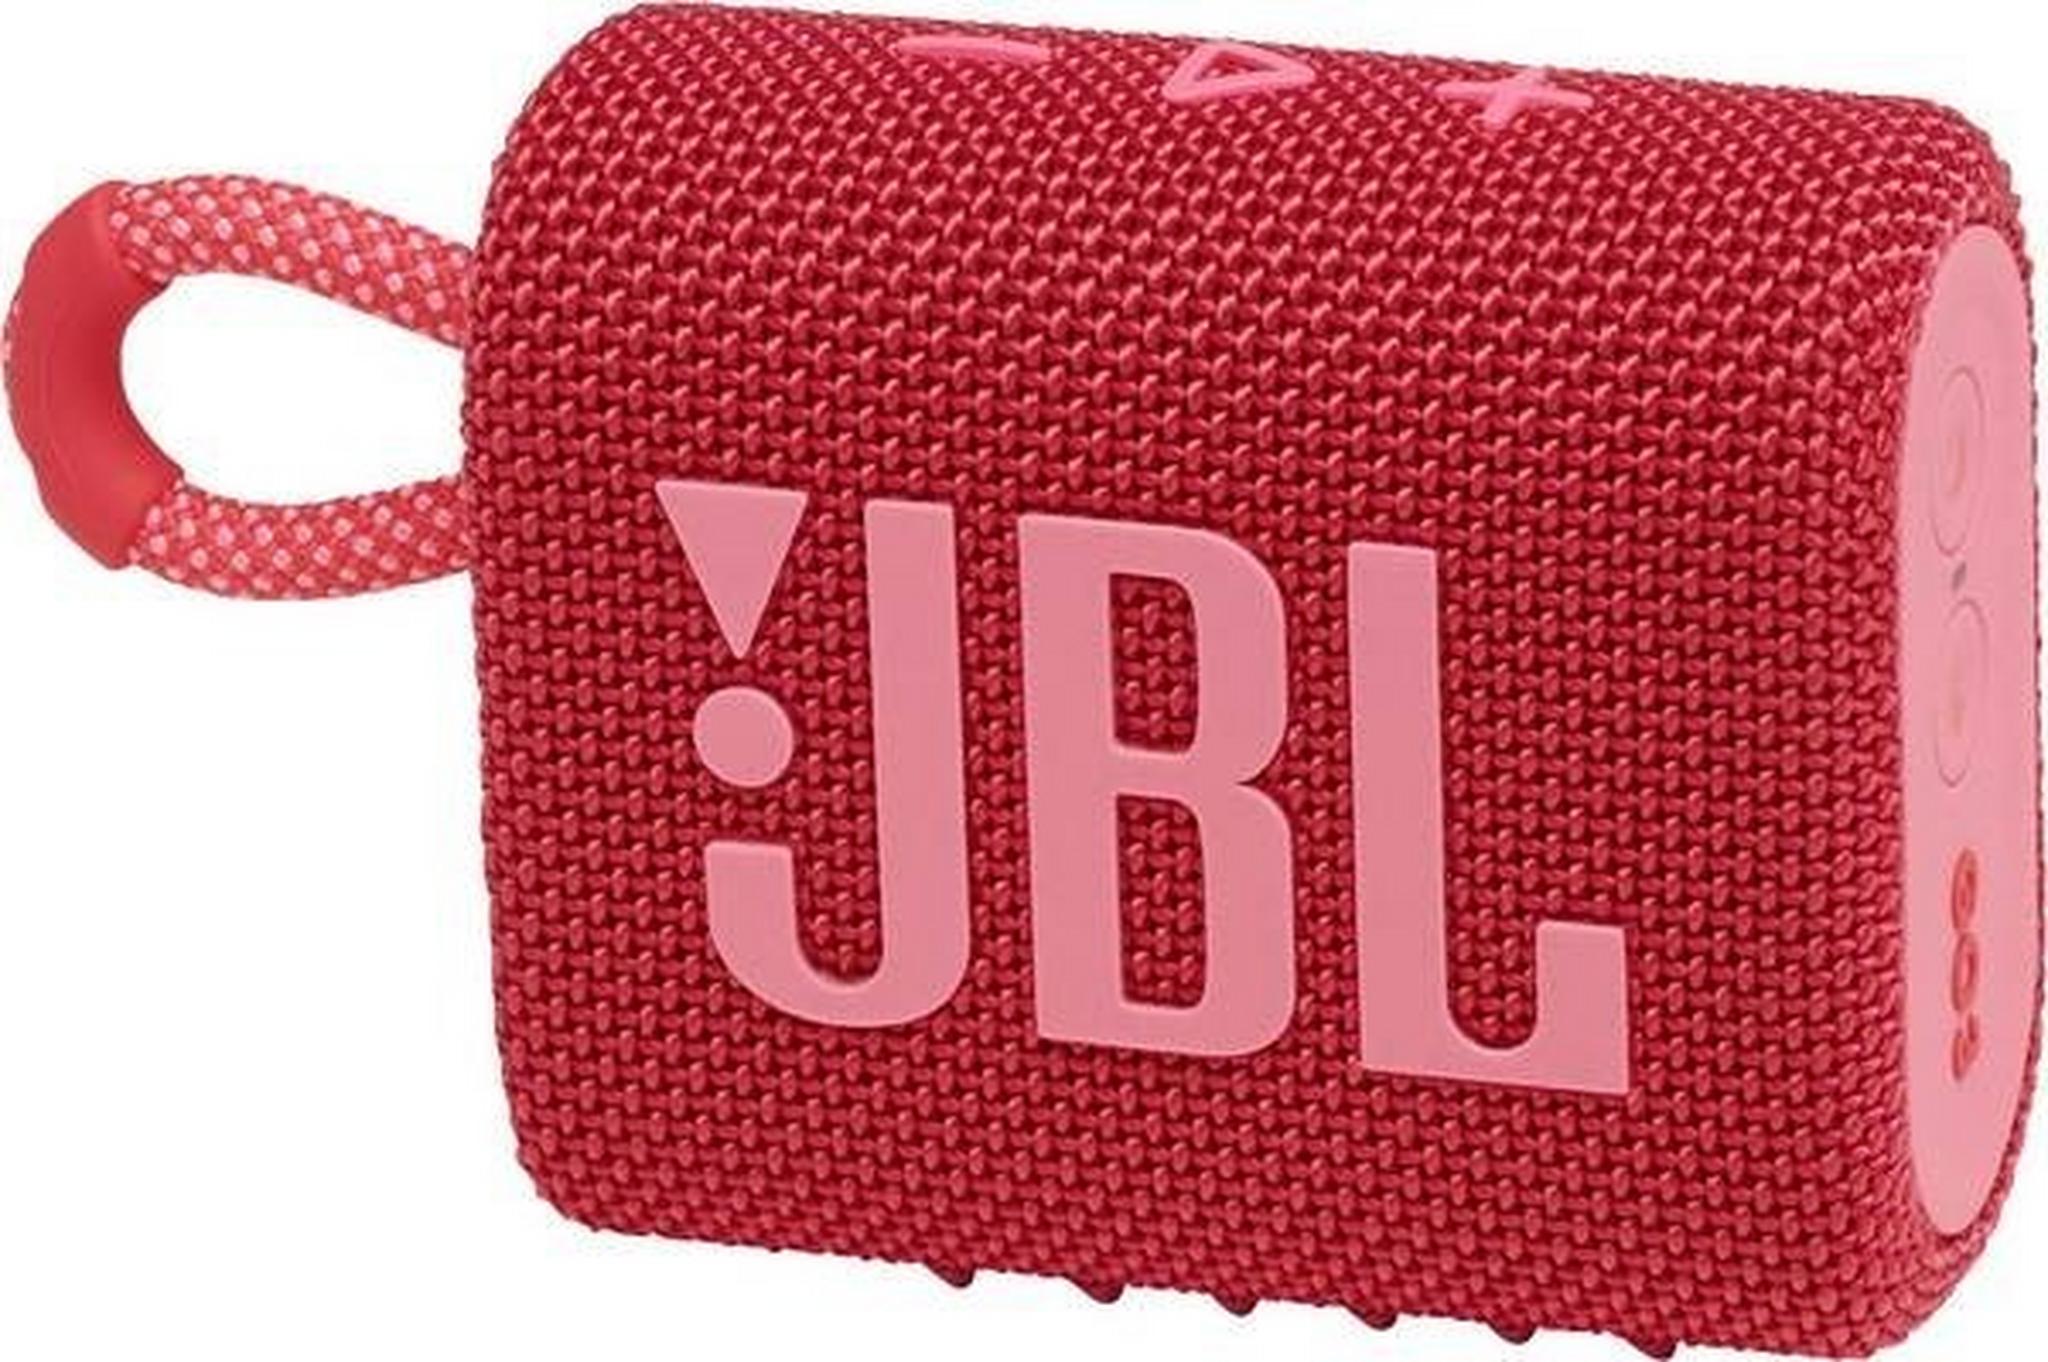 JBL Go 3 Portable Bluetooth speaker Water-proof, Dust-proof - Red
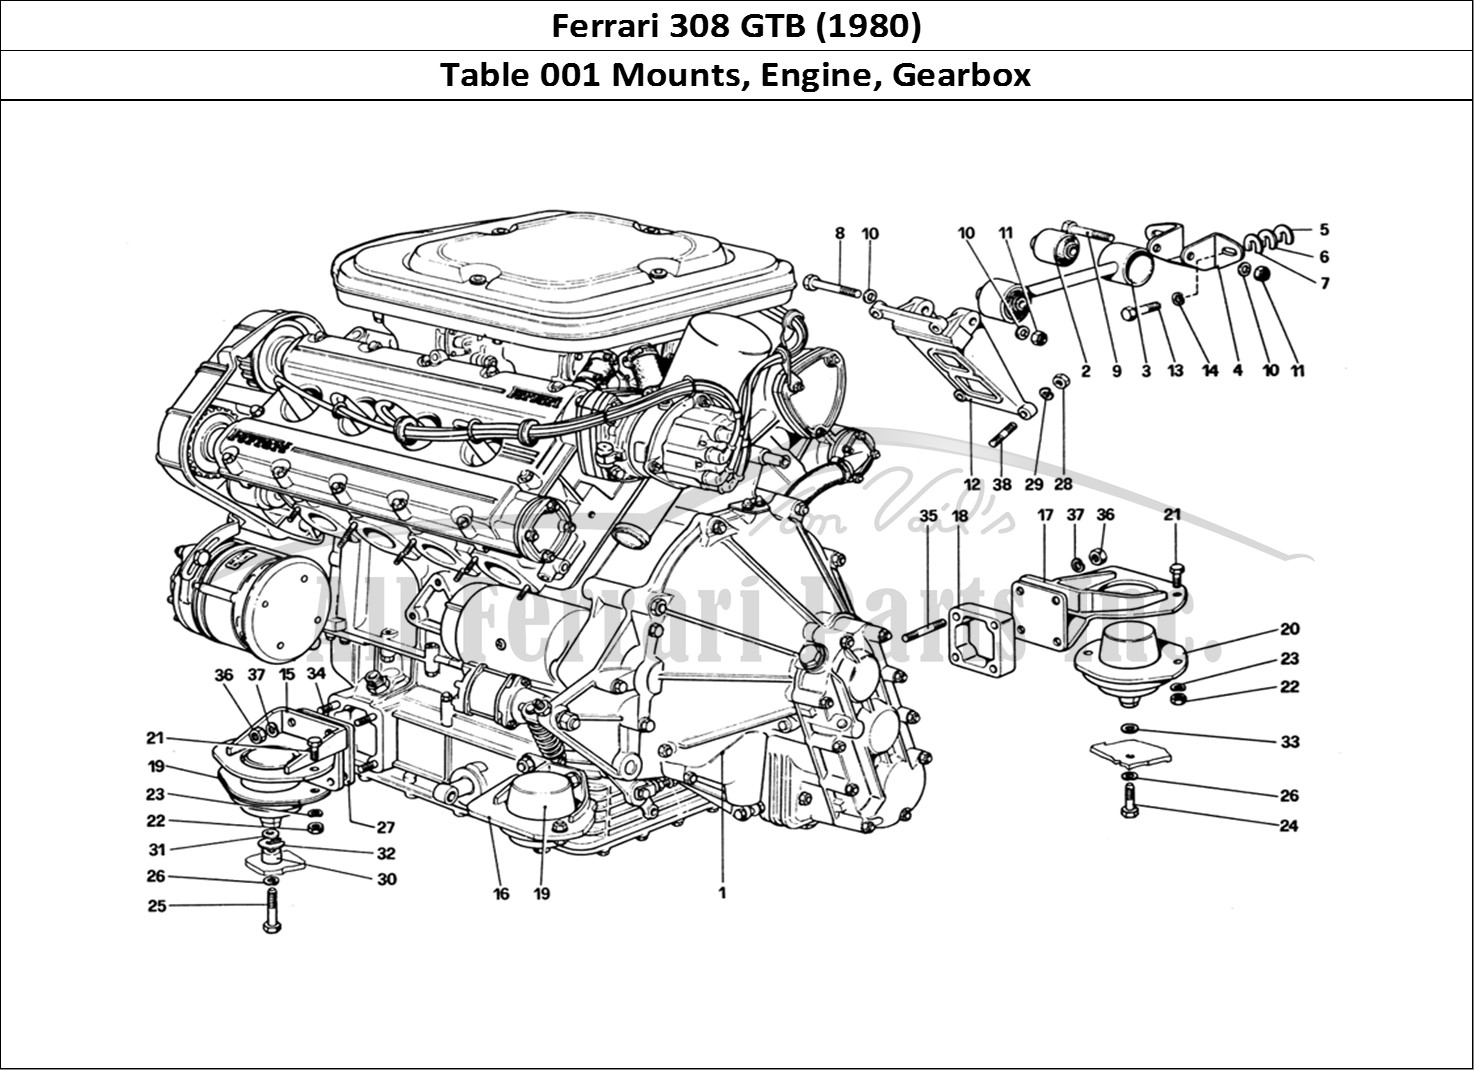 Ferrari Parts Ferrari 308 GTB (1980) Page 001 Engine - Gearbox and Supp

▬▬▬

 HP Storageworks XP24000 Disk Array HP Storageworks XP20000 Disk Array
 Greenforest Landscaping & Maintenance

▬▬▬

* WHAT YOU ARE ASKED TO DO
In the data above, find the line with "JBL Go 3 Portable" and the line with "Ferrari Parts Ferrari". Please copy exactly those two lines and every line between them, but not the pictures.

* WRITTEN SOLUTION
 JBL Go 3 Portable Bluetooth speaker Water-proof, Dust-proof - Red
 Ferrari Parts Ferrari 308 GTB (1980) Page 001 Engine - Gearbox and Supp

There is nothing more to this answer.